Let’s see what else we have here… A lot of Mór Jókai, some Daniel Katz, “Den femte kvinnan” by Henning Mankell, the latest novel by Eco, Milorad Pavić’s “Dictionary of the Khazars” and selection of poems by Faridaddin Attar. Anything you think you’d like?
Eco – maybe, Pavich – bla, Mor Jokai – have to investigate further, poems – you gotta be kidding.
Katz – although David McDuff’ translation is a big “pro”, the plot sounds..erm..designed for “contemporary lit” seminars. No, seriously: “a beautiful seductive Bosnian, ganged-raped in the war, married to elderly Finnish peacekeeper-colonel”? Think how much more exposure Katz would gain if he only had a hindsight to make her a Muslim l*sbian?
[really, LH, l*sbian is not a curse word!]
Mr. Hat is very prudish indeed.
The Finnish peacekeepers have a marching band. Finland played a role in Namibian independence, and many Namibians were named after the Finnish President of that time.
Relevant, as usual.
MAB: have you considered unreclaimed space above the doors/door openings?
Yes, don’t laugh, but actually I have. Because Russian apartments have no built-in closets, residents have figured out how to put in mini-storage spaces above doors called antresol’. I’ve got two planned…
Tat, have you already read Orhan Pamuk? Or The Flea Palace by Elif Shafak?
I wasn’t laughing at the least. As soon as you said “small Moscow apartment” I immediately recalled my great-aunt’s antresols.
Shortage of space in an urban environment is a chronic problem, so you can expect other people already came up with number of solutions, and not only in Moscow. Look up apartmenttherapy-dot-com, I’m sure you can find ‘bookshelves’ in their archived “open threads”.
Pamuk: *Snow was good, his early work I couldn’t get thru. I’ll look up Shafak, tnx.
Tat: Even My Name is Red and the White Castle? I had a hard time with the Black Book and the New Life, but I think because of the translation. The Black Book is being retranslated, if I’m not mistaken. Shafak also has a new novel out called the Bastard of Istanbul, which looks quite interesting.

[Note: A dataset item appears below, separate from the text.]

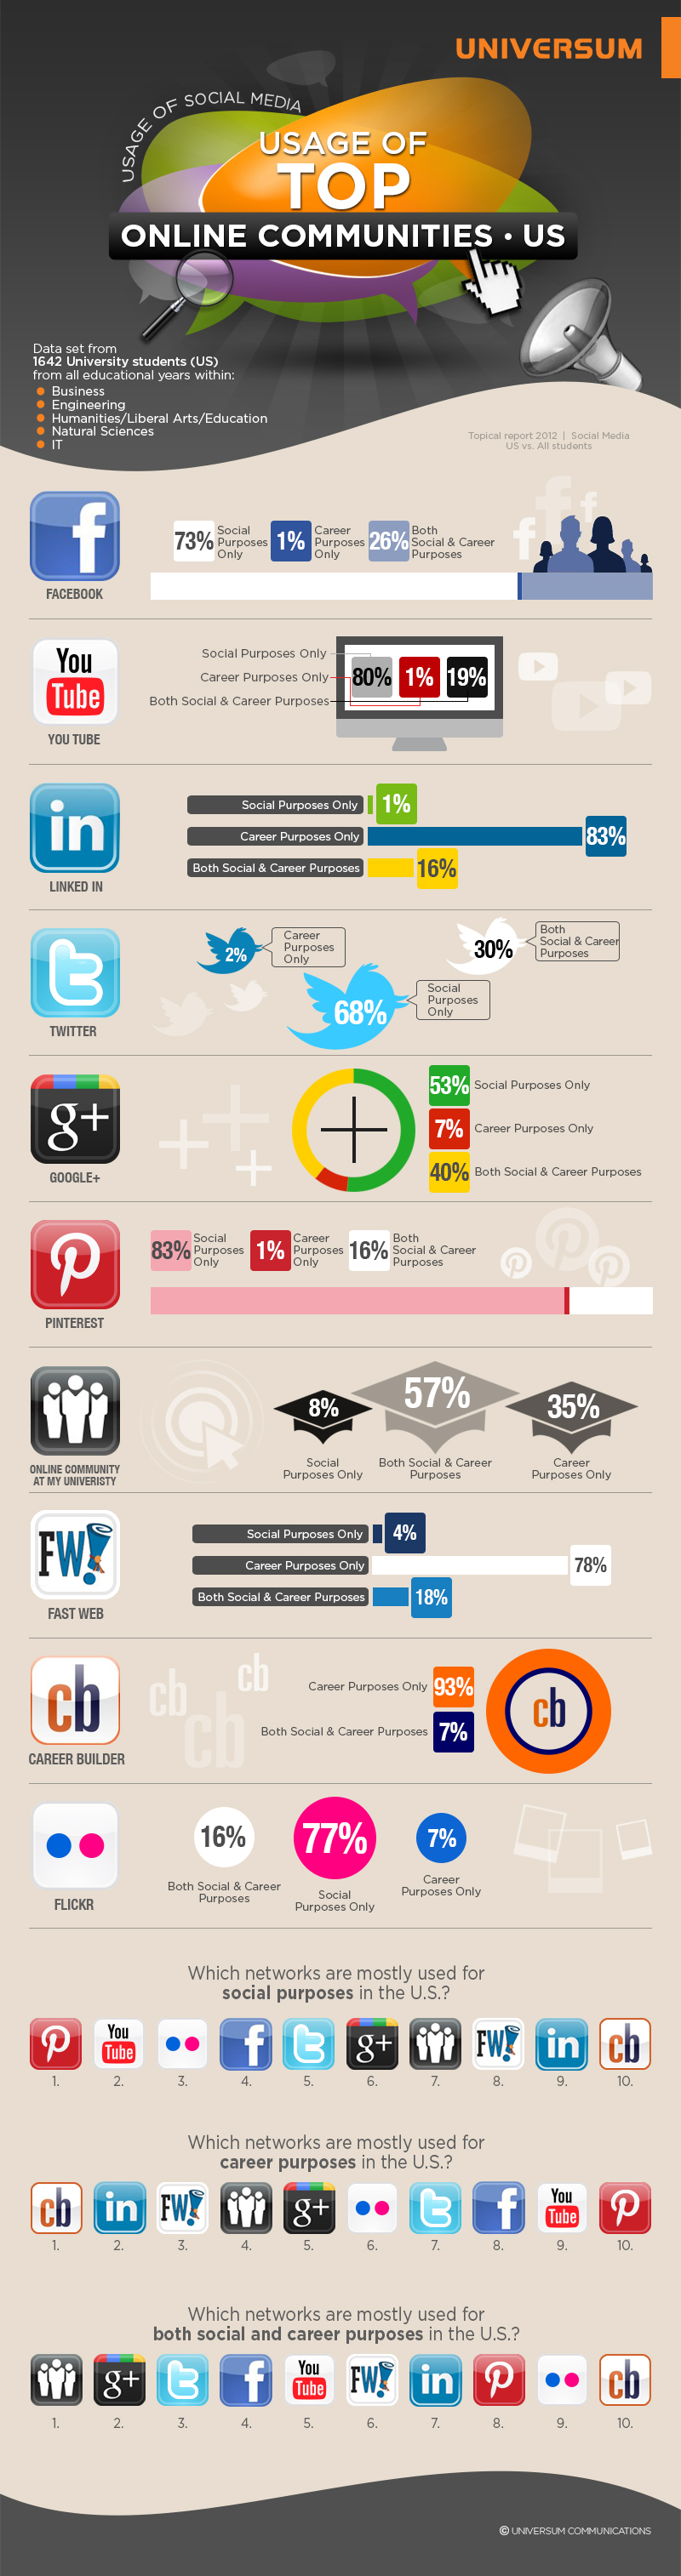 Social Platforms Us University Students Use For Careers Purposes Infographic Via Universum Eb Employe Social Media Infographic Infographic Social Media Tool

If you are someone from this part of the world, Pamuk is interesting, particularly My Name is Red. I keep saying that it’s like Pamuk packed up all the cursed questions and themes of Russian life and moved them to Turkey. Of course, that’s not right — Turkey, between East and West, once an empire, a country with an authoritarian past, ethnic groups it can’t deal with, and a modernization campaign that cut off people from their cultural past — is in many ways similar to Russia. Not surprisingly, Pamuk has a big readership here.
Sorry this got off topic…
I too recommend Pamuk, and there’s no such thing as “getting off topic” here at LH—the world is our topic!

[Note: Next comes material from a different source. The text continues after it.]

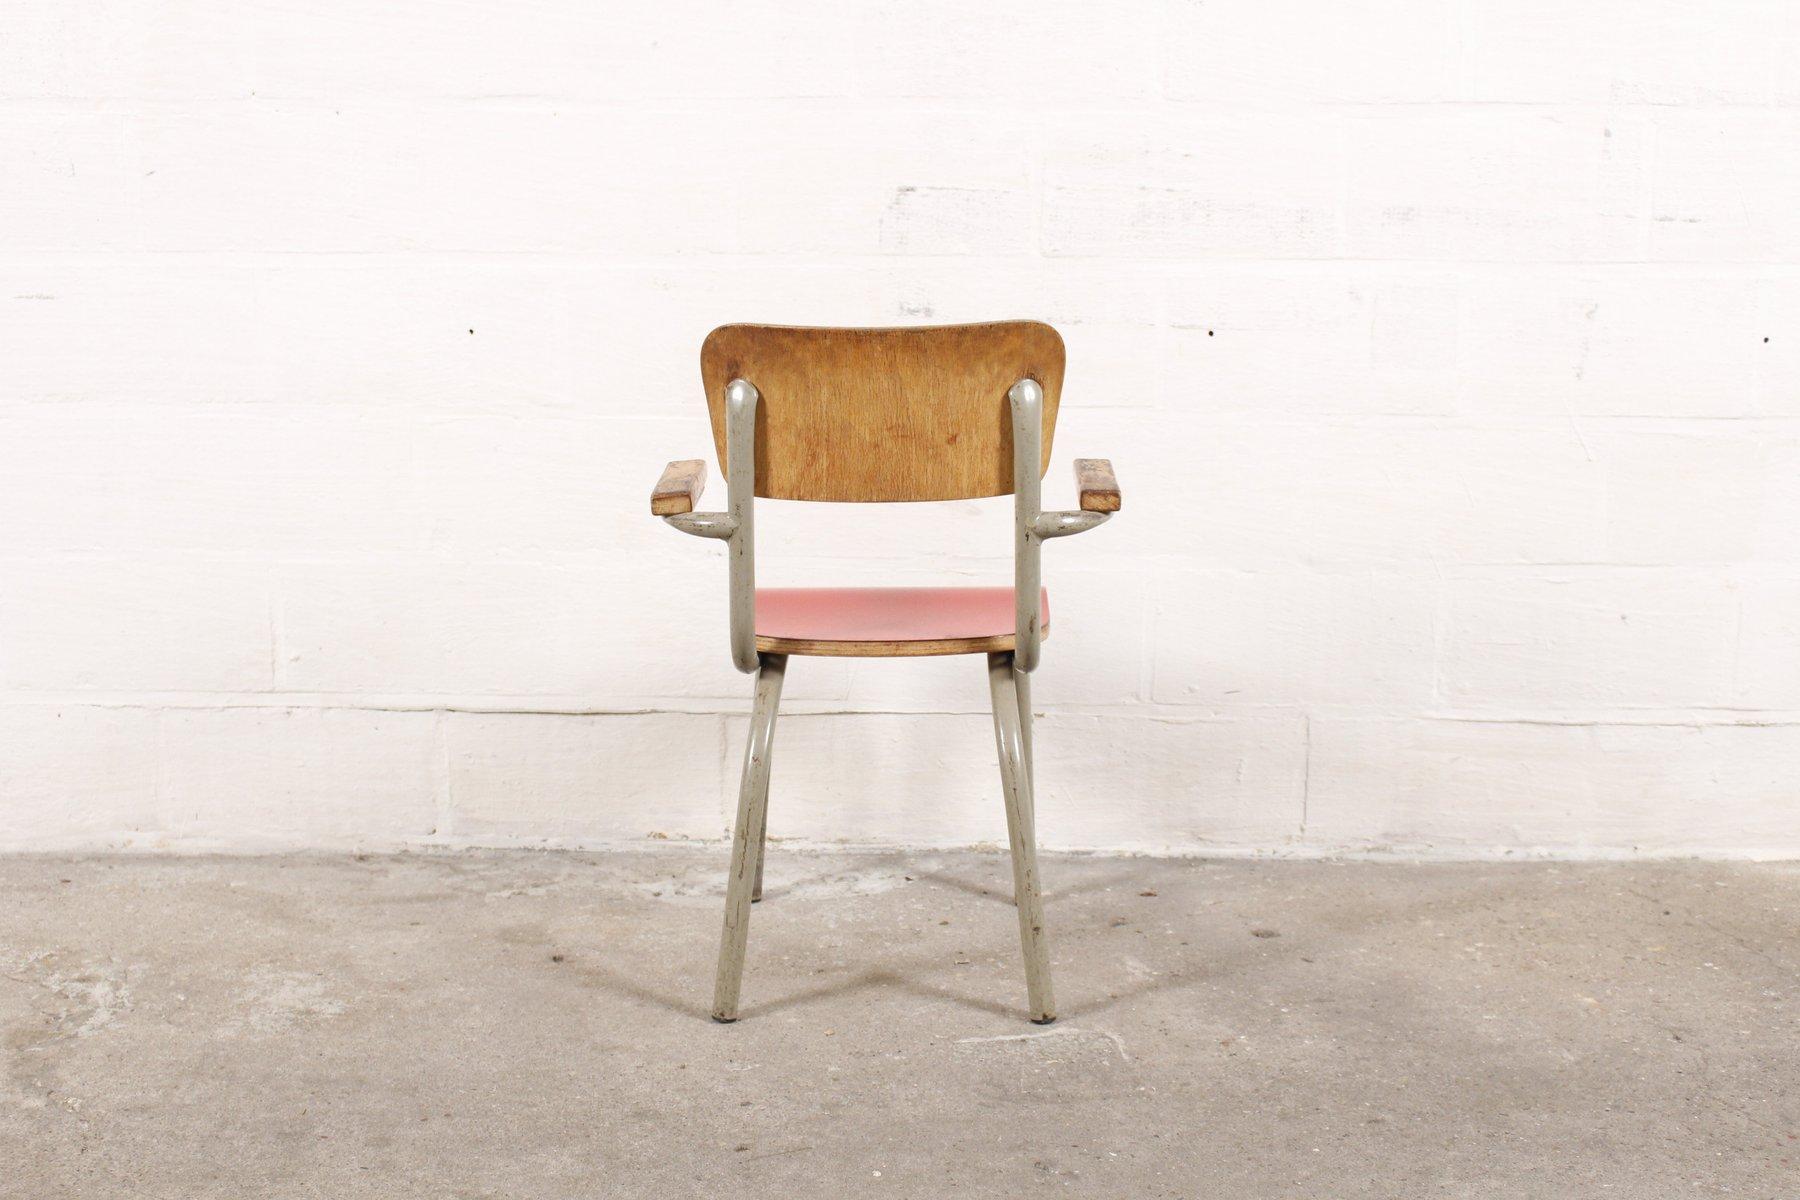 Mid Century Children s Chair by Willy van der Meeren for Tubax for

modernization campaign that cut off people from their cultural past ?
Oh no, MAB, I have a different reason for reading Pamuk. It’s like a pathologist’s diary, a description of a decease spreading, a cure horribly botched by practitioners. Illustration to why barbarians will never become civilized. Fascinating record.
I think it was either Black Book or the New Life..the one nauseating babble about a guy in search of a magic Book, who travels pointlessly around Turkey on buses. Terribly irritating.

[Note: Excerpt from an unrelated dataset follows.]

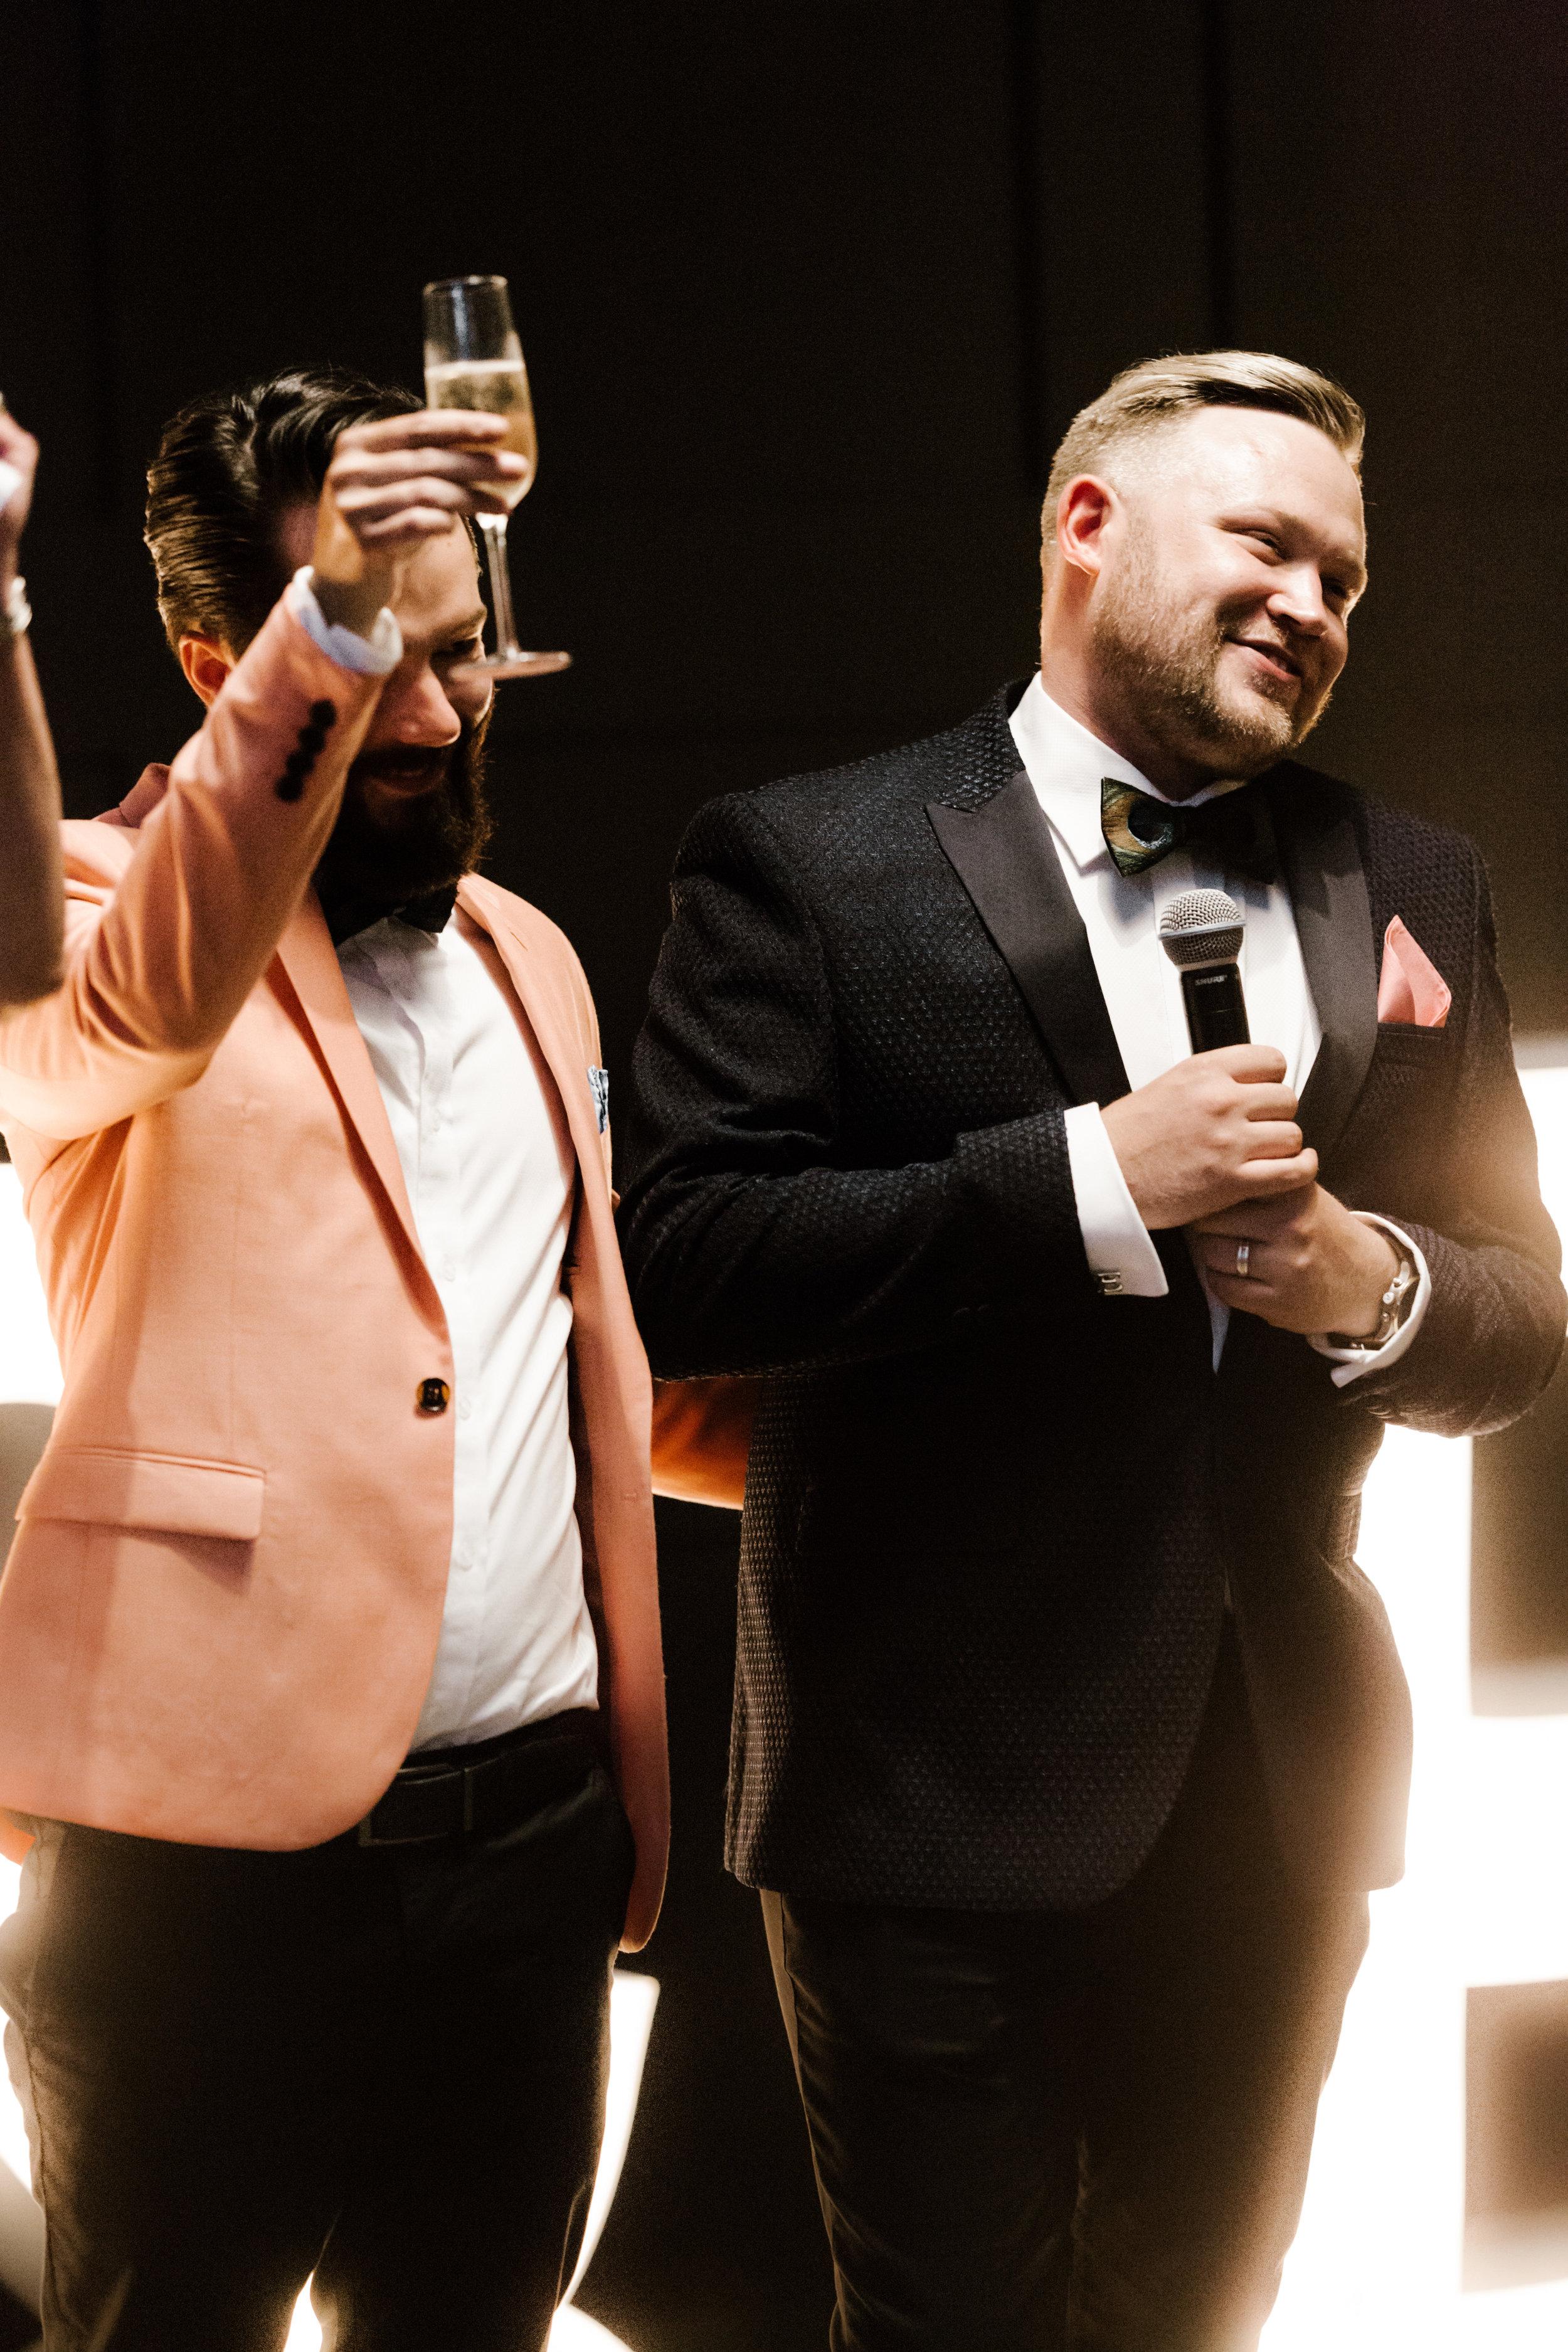 Adam+Eddie - Melbourne Same-Sex Engagement - Alto Event Space - Photographer: Dave Lepage

an enjoyable extract, some tantalizing words – but ‘caravansary’? the suffix ‘-serai’ better promotes correct pronunciation and is the one i am familiar with in UK English translations.
buskins are my favourite item of clothing which sound as though you could eat ’em 🙂
Caravansery is an old spelling he presumably finds more colorful (1712 ADDISON Spect. No. 289 {page}9 A house that changes its inhabitants so often, and receives such a perpetual succession of guests, is not a Palace but a Caravansary. 1801 SOUTHEY Thalaba V. viii, Not in sumptuous Caravansery).